## Assigned task
Look below for the line that has "Marilza_assinaturas-2 empresarial"; output exactly from it through the line that has "Thunder Egg - Metallic", and leave the pictures out.

## Task data

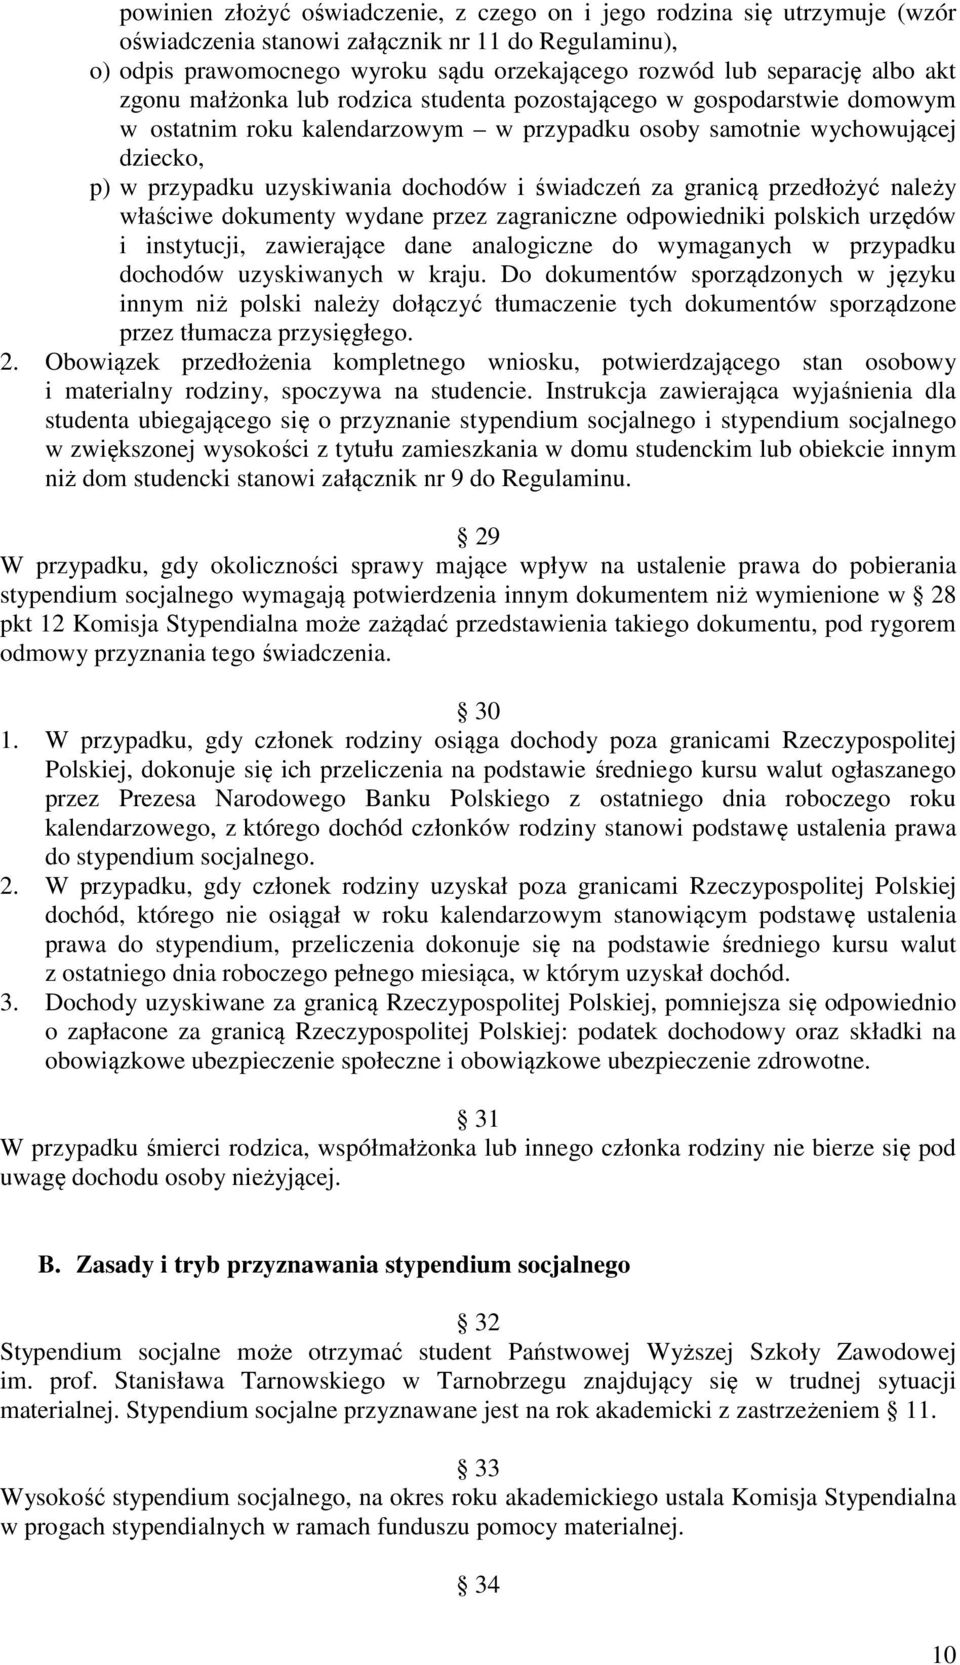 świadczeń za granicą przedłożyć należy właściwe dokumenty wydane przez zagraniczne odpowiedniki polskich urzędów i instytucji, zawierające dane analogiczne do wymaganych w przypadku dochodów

==

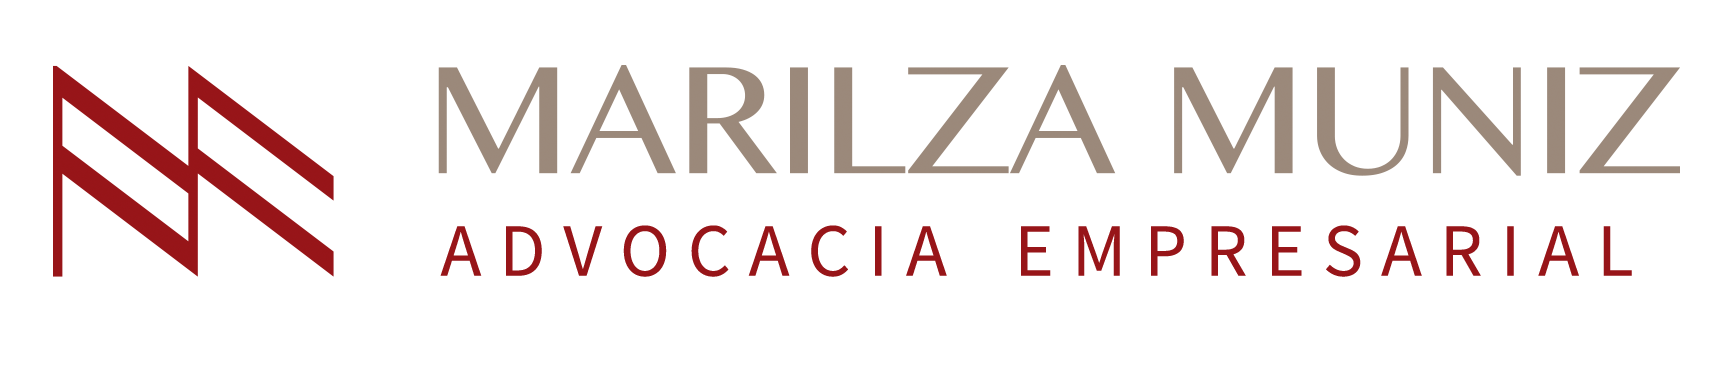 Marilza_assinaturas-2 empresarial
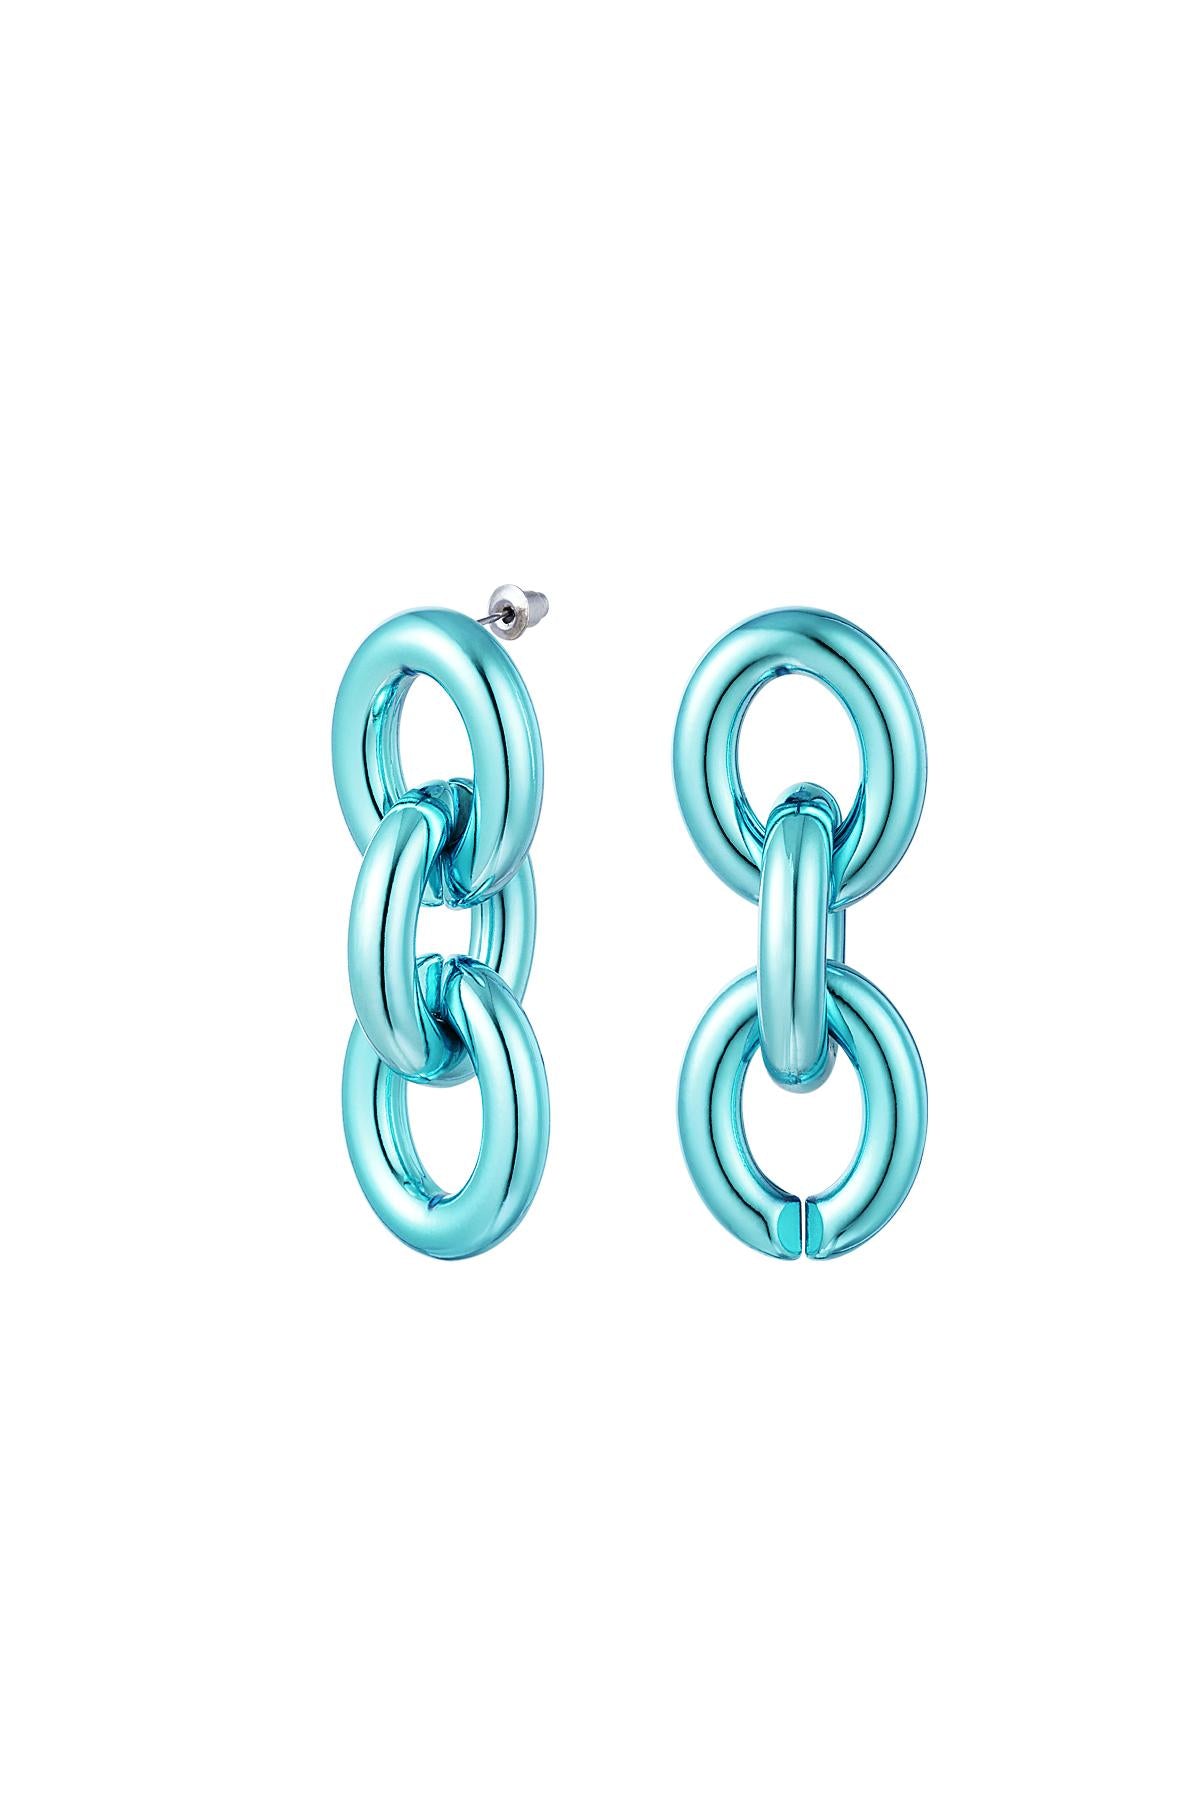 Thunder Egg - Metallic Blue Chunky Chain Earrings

## Exercise response
 Marilza_assinaturas-2 empresarial
 Thunder Egg - Metallic Blue Chunky Chain Earrings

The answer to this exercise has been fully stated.